In the material below, find the line that contains "A Yakitori Tatsu" and the line that contains "19.70 Nineteen Seventy", then write out exactly those two lines and everything between them.

## Material provided:
:::::

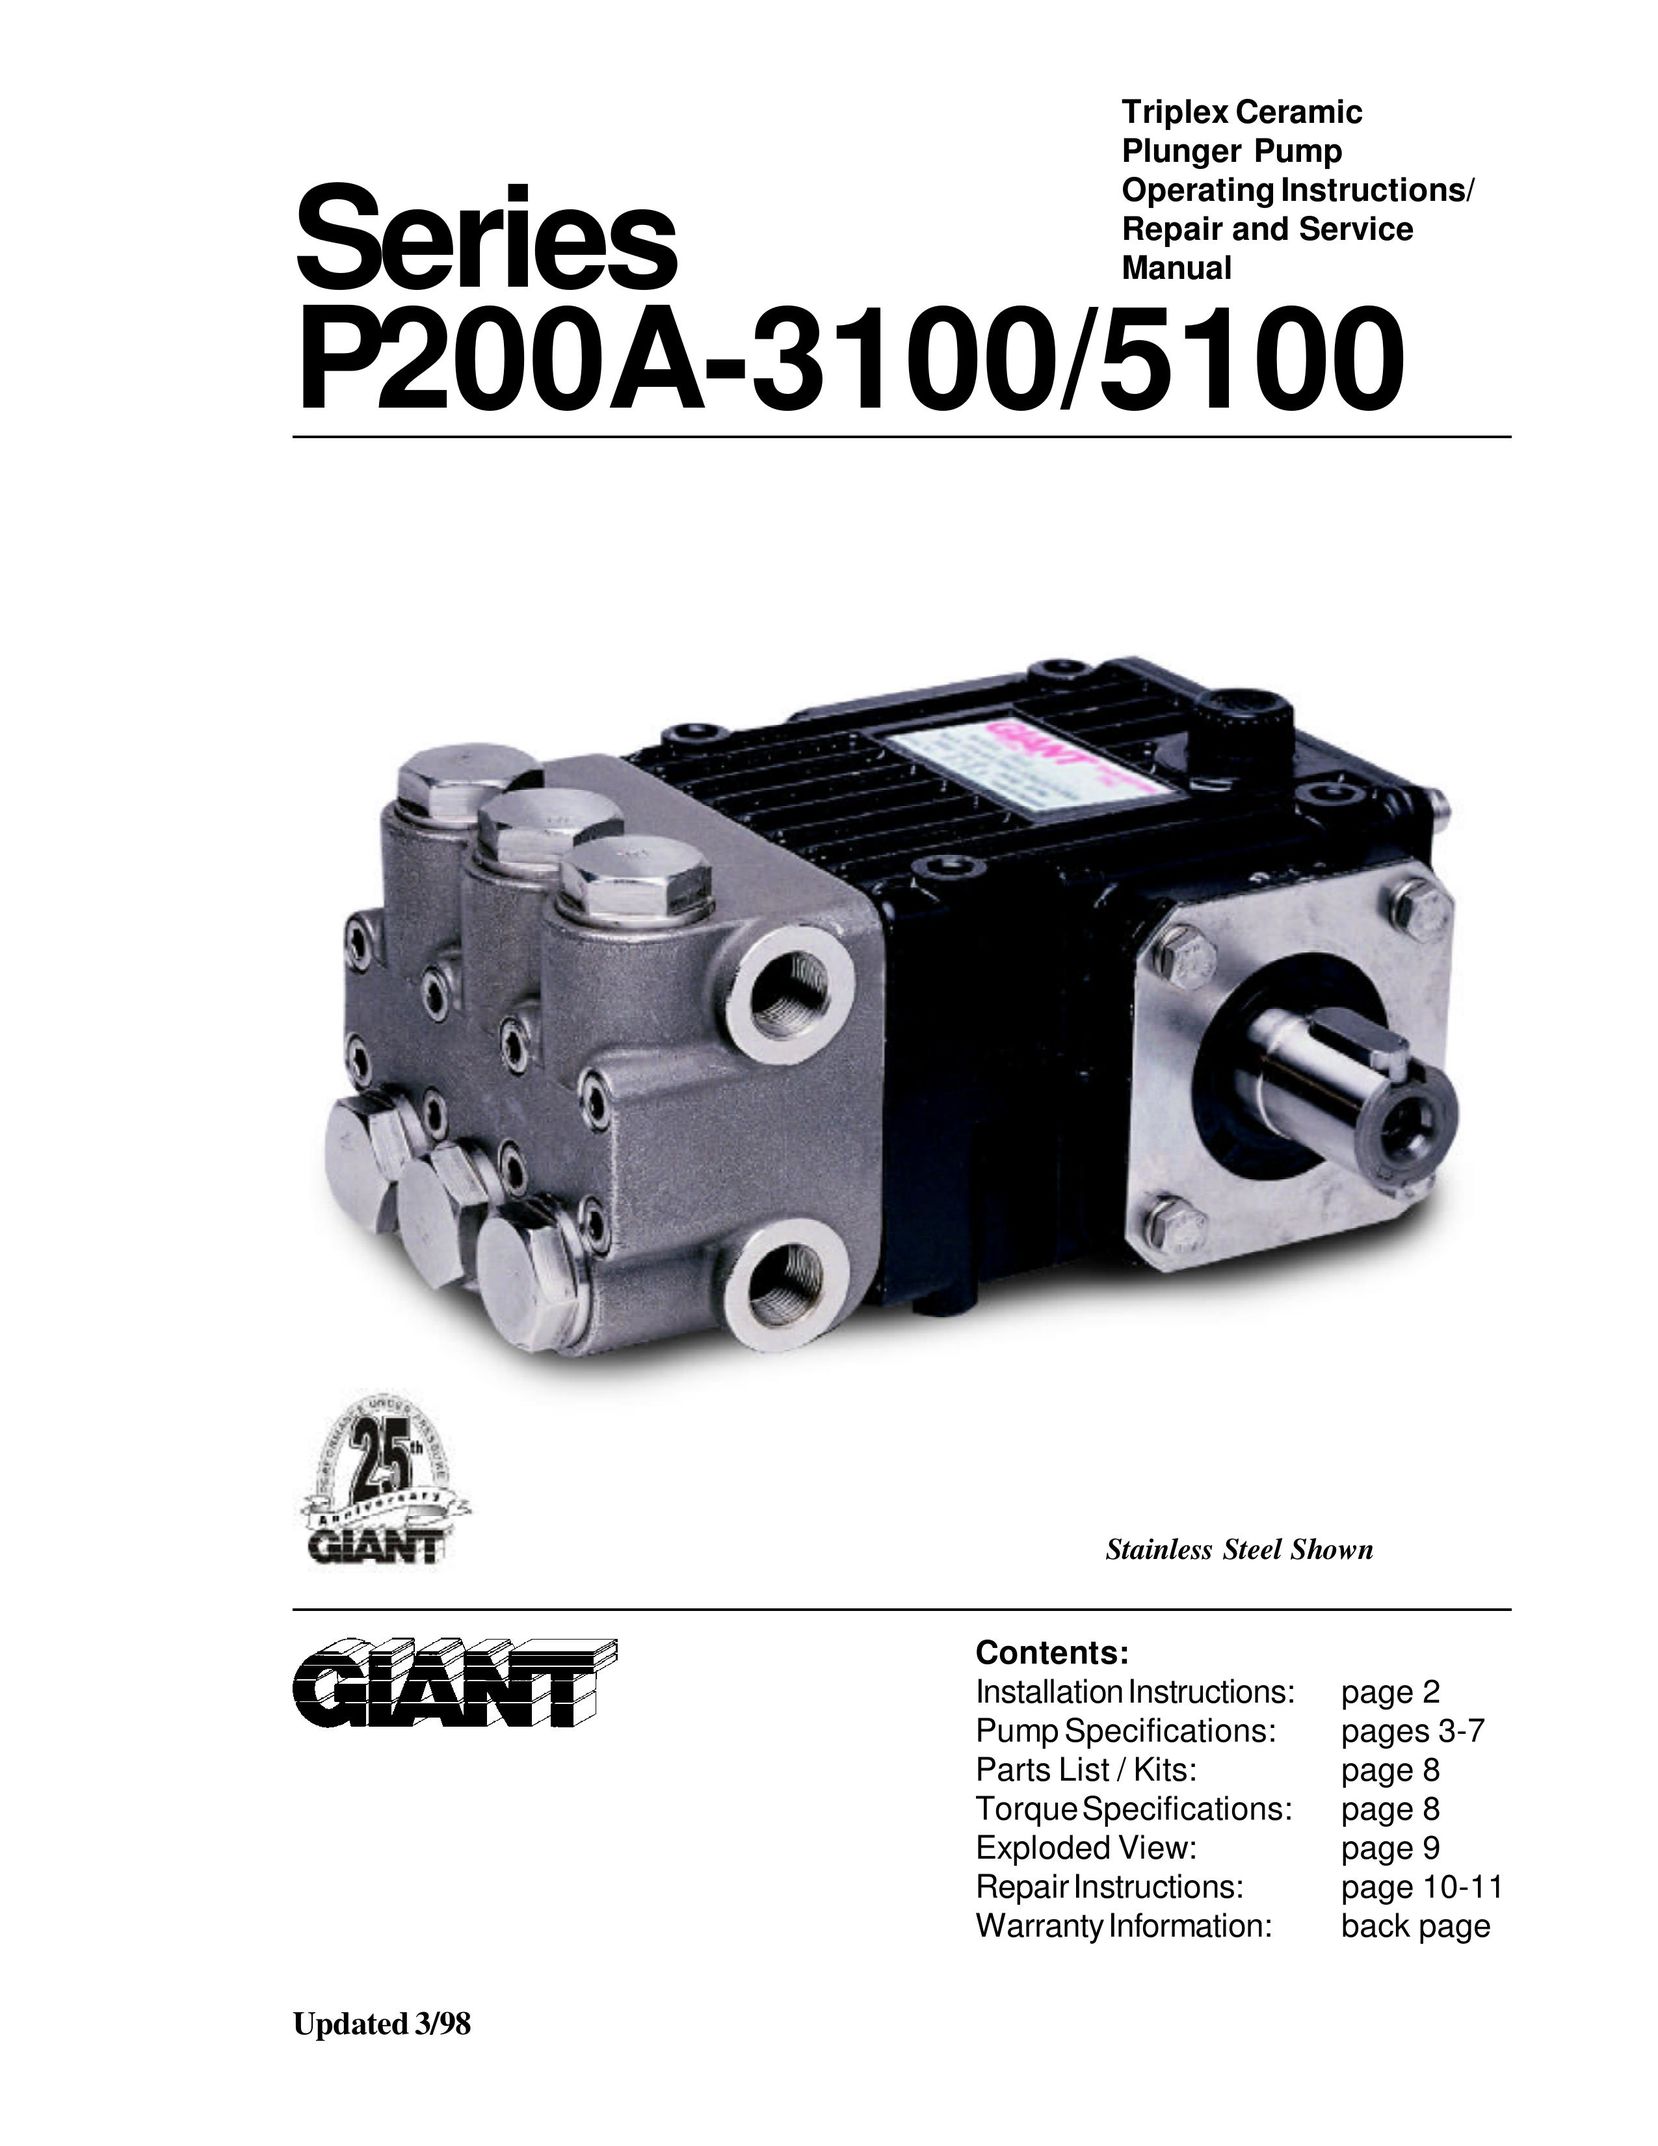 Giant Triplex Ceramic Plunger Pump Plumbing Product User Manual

:::::

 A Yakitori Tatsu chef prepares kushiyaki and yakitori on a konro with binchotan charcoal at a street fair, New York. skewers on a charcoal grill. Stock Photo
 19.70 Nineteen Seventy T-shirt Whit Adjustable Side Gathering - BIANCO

:::::

## Exercise response:
 A Yakitori Tatsu chef prepares kushiyaki and yakitori on a konro with binchotan charcoal at a street fair, New York. skewers on a charcoal grill. Stock Photo
 19.70 Nineteen Seventy T-shirt Whit Adjustable Side Gathering - BIANCO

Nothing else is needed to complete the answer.